With Hispanics driving labor force growth in the U.S., this implies that a large percentage of the community is also on the front lines of the new wave of COVID-19 cases.

And public officials, fearing a new pandemic-related economic shutdown, are insisting that essential workers return to the workplace “to keep society running smoothly,” as Dr. Anthony Fauci, the White House’s top COVID-19 advisor, told CNN on Dec. 27.

These strategies to address the pandemic imply that a large portion of Latino essential workers faces increased health risks during the pandemic.

For example, according to a recent report released by the UCLA Labor Center, fast food workers in Los Angeles County are at increased risk of contracting COVID-19, in addition to facing difficult working conditions that were exacerbated during the pandemic.

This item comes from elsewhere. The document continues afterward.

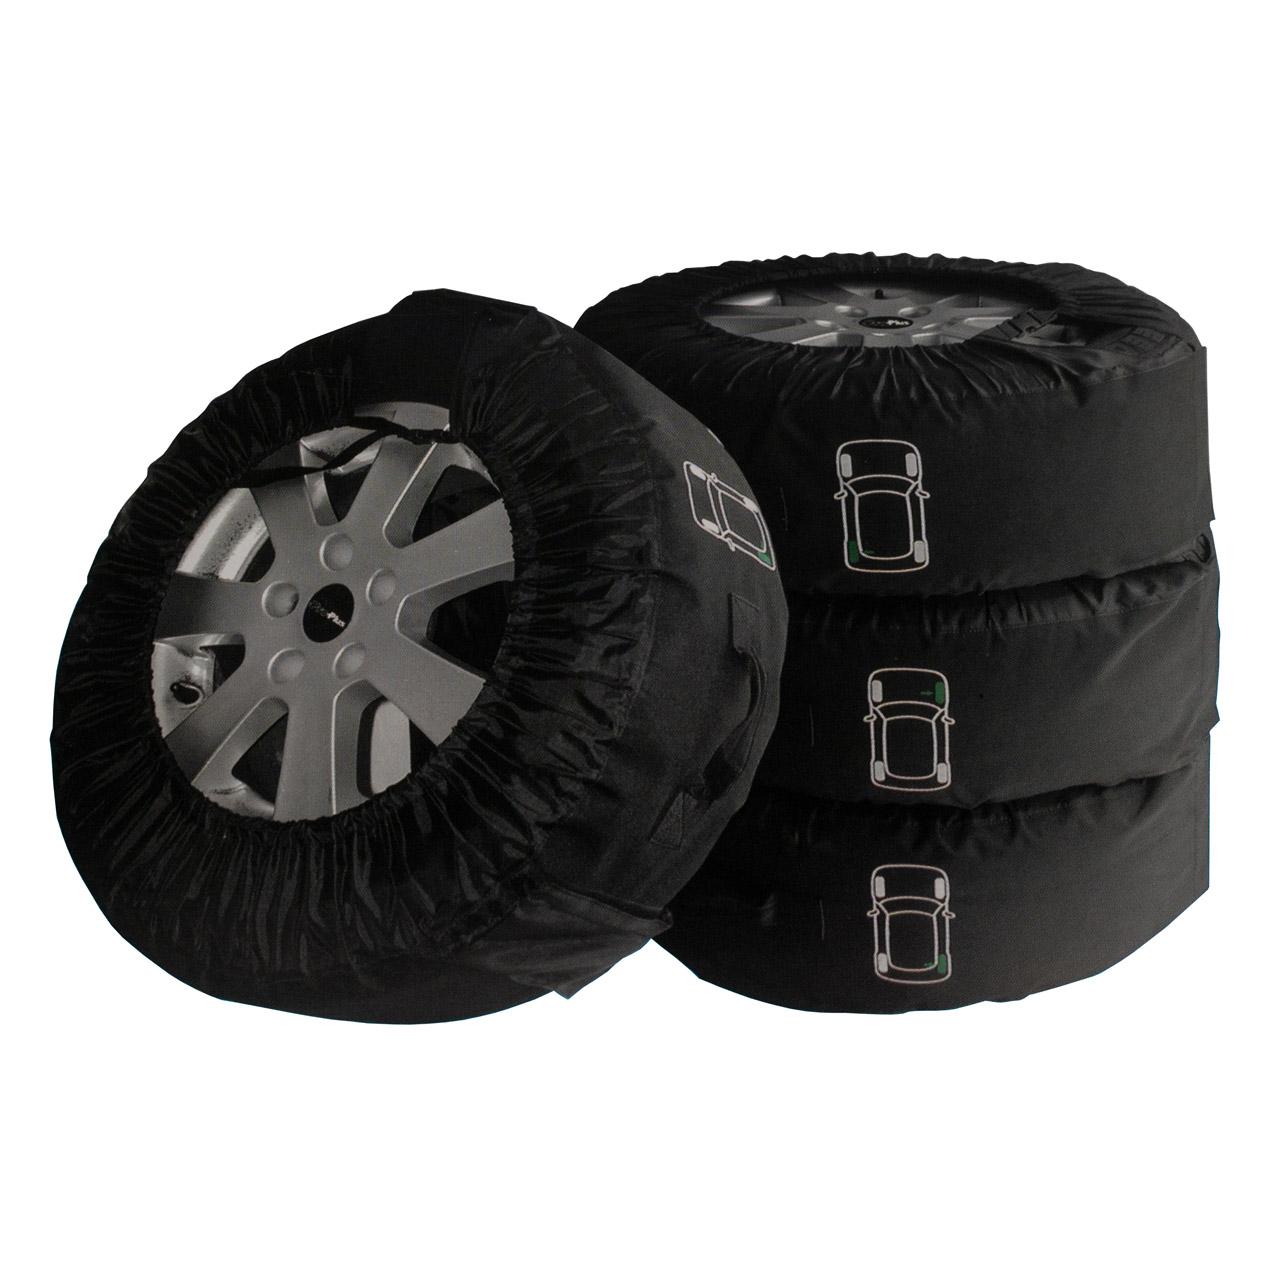 "PROPLUS Reifenhüllen Reifentaschen PROFI Set 4 Stück Set 13""-18"" bis 280mm"

The UCLA report is the first to provide an in-depth portrait of COVID-19 safety compliance through the lens of fast-food workers themselves, who, despite working on the front lines, do not receive the workplace protections to which they are entitled by law.

Nearly a quarter of fast-food workers contracted COVID-19 in the past eighteen months, and less than half were notified by their employers after being exposed to COVID-19.

“More than half of workers felt that employers didn’t address their needs after they spoke up, and some even faced retaliation for doing so,” said Tia Koonse, report author and Legal and Policy Research Manager at the UCLA Labor Center. “COVID-19 safety protocols like paid sick leave reduce the incidence of frontline food service employees working while they are sick, but these measures have been insufficient in this sector. Only 47% of fast-food workers received paid sick leave when they or their coworkers contracted the virus.”

According to the study, labor standards violations in fast-food restaurants have increased and worsened during the COVID-19 pandemic. Nearly two-thirds of workers have experienced wage theft, and more than half have faced health and safety hazards on the job, resulting in injuries to 43% of workers.

It seems then that the eponym of “essentials” has been diluted in the new needs of the ruling class, and “unskilled” workers remain the cannon fodder.